Crítica: Spectros (Netflix)

Foi com quase nenhuma divulgação que Spectros, nova série brasileira original da Netflix, estreou no último dia 20. Ambientada no bairro da Liberdade, em São Paulo, a produção acompanha Mila (Claudia Okuno), Pardal (Danilo Mesquita) e Carla (Mariana Sena), três adolescentes arrastados para o centro de um conflito entre uma bruxa e um necromante; em jogo, está o equilíbrio que separa o mundo dos mortos do mundo dos vivos.

‘Spectros’/ Divulgação

Criado e escrito pelo norte-americano Douglas Petrie, que já esteve envolvido em grandes produções como CSI: Investigação Criminal e Buffy, a Caça-Vampiros, o suspense sobrenatural com toques de comédia juvenil procura remeter-se à história de formação do bairro paulistano, fazendo referências a elementos da cultura japonesa. O resultado, porém, é no mínimo duvidoso; e a presença Petrie na parte criativa da obra talvez seja peça-chave para a compreensão do que Spectros representa.

Com objetivos claramente mercadológicos, a produção deixa totalmente de lado qualquer valor criativo ou afetivo que poderia vir a ter; mostrando-se disposta apenas a usar de todos as fórmulas mais batidas do terror, do suspense e até da comédia para tentar “ser universal” a partir de um contexto local. O problema é que, sem personalidade alguma, Spectros não passa de um enlatado dispensável – tanto para o público brasileiro como para o exterior.

Sequer faz sentido, aliás, um enredo geograficamente tão específico ser conduzido por um criador estrangeiro com olhos para o mercado internacional. Então, sobram cacoetes de gêneros e títulos em inglês e falta essência.

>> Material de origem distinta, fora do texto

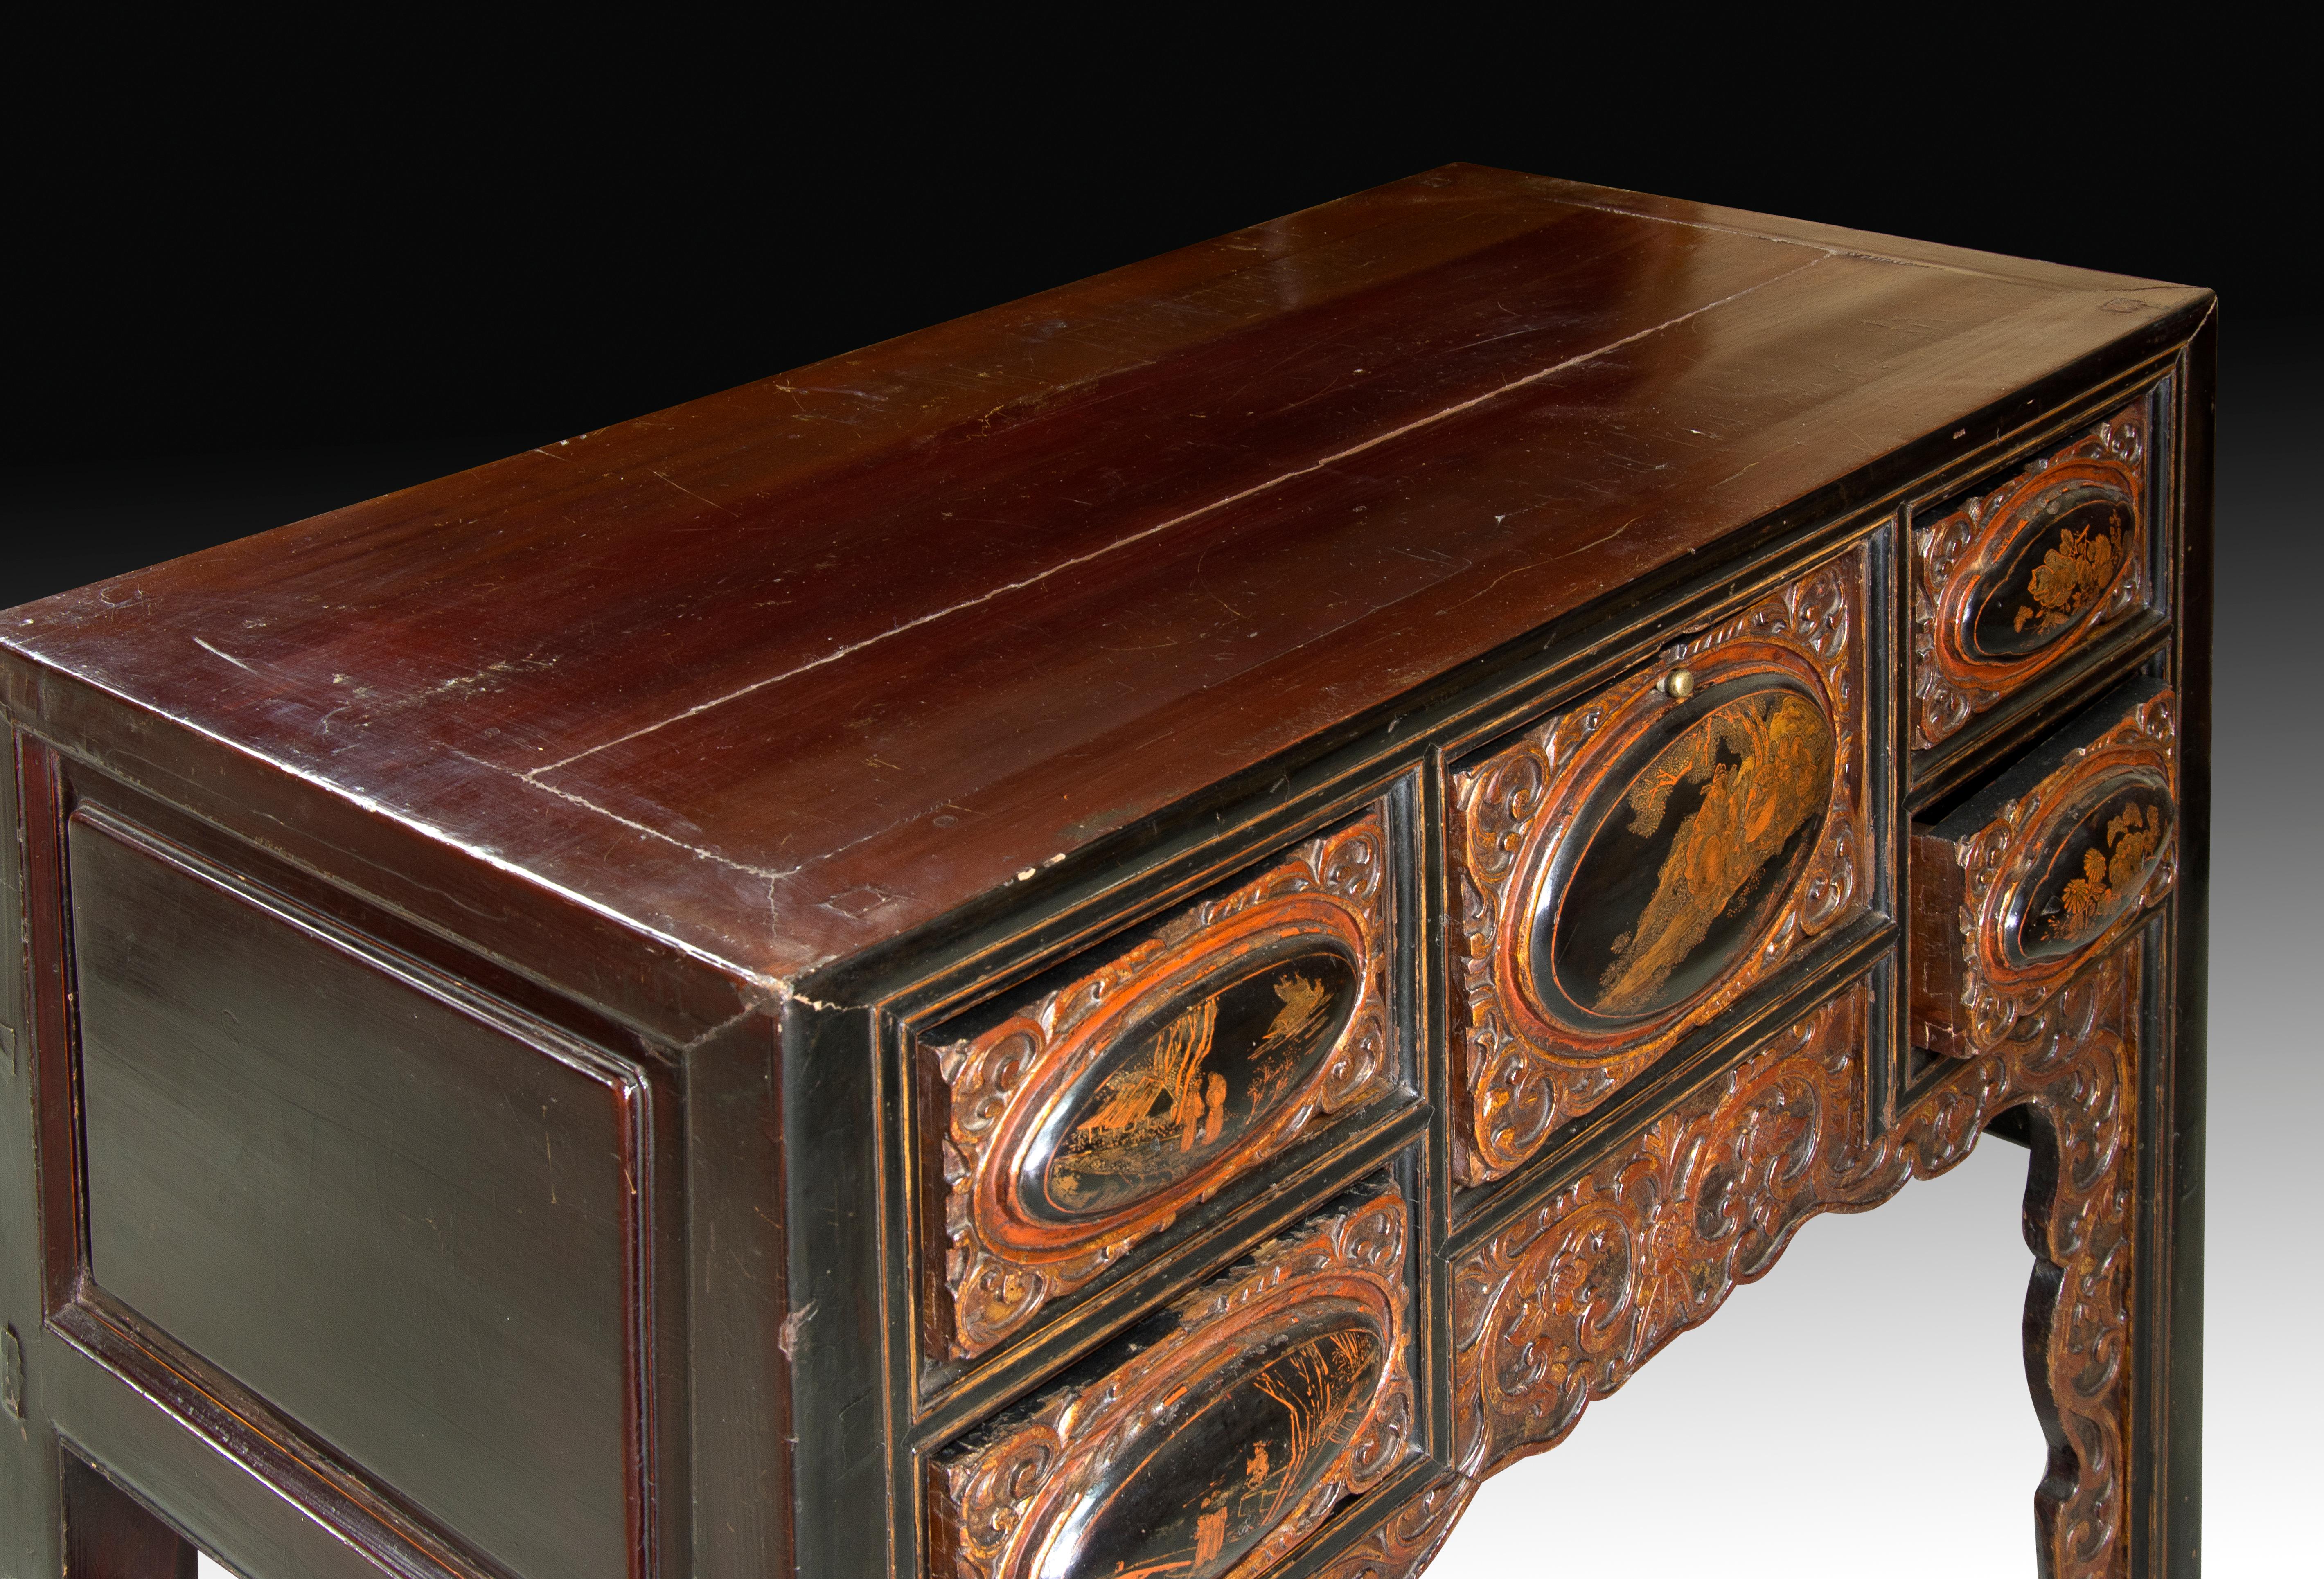 Rectangular and straight upper board furniture decorated on the sides with geometric elements and in front with an elaborate carved plant elements enhancing the ovals present in its five drawers, in which floral compositions and figurative scenes on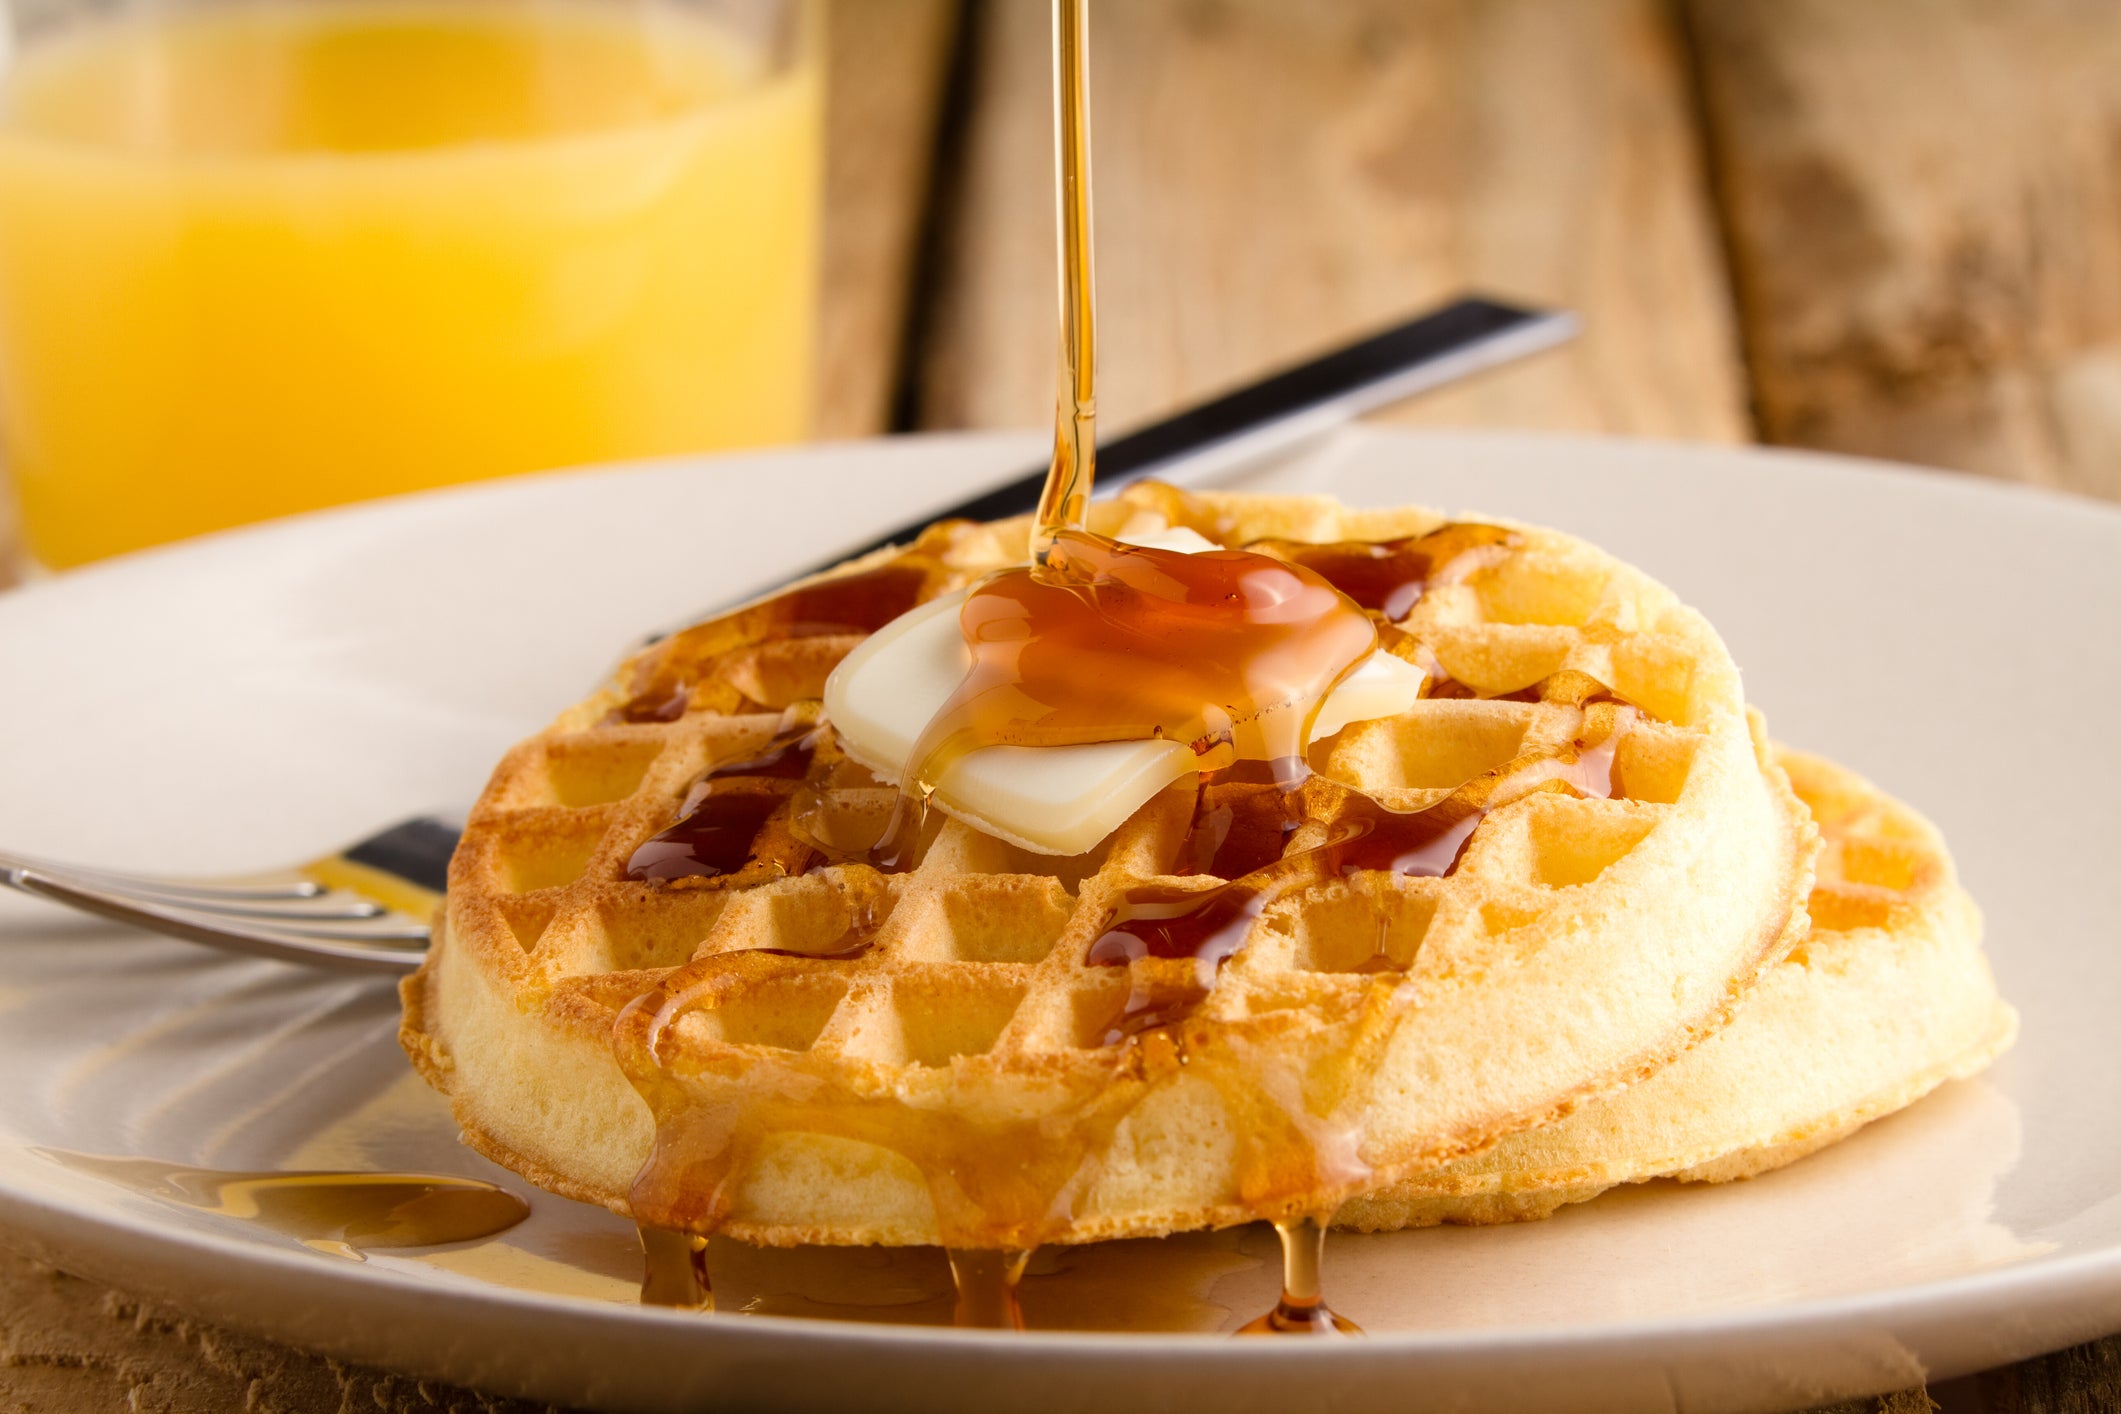 Belgian waffle topped with butter and syrup

A LIBERDADE COMO CENOGRAFIA

Nem karaokês nem lojinhas de cacarecos anulam o olhar plastificado que Spectros produz sobre a Liberdade. E em meio a uma trama absolutamente genérica (tanto em forma como em conteúdo), adolescentes irritantes e estereotipados também são incapazes de cativar a torcida do espetador. Não tanto por culpa dos atores, mas pela improdutividade de um roteiro que os coloca para gritar o tempo todo e que só faz reciclar situações já vistas milhares de vezes por aí.

Imagem: divulgação

Maçante, a série ainda sofre com uma composição de mitologia frágil e limitada; além de contar com um texto repleto de sentimentalismos, discursos de autoajuda e “militadas” nada convincentes. Assim, racismo e violência policial aparecem jogados no meio da narrativa; camuflados de crítica, mas só porque alguém decidiu que era preciso abordar “assuntos da moda no Brasil”.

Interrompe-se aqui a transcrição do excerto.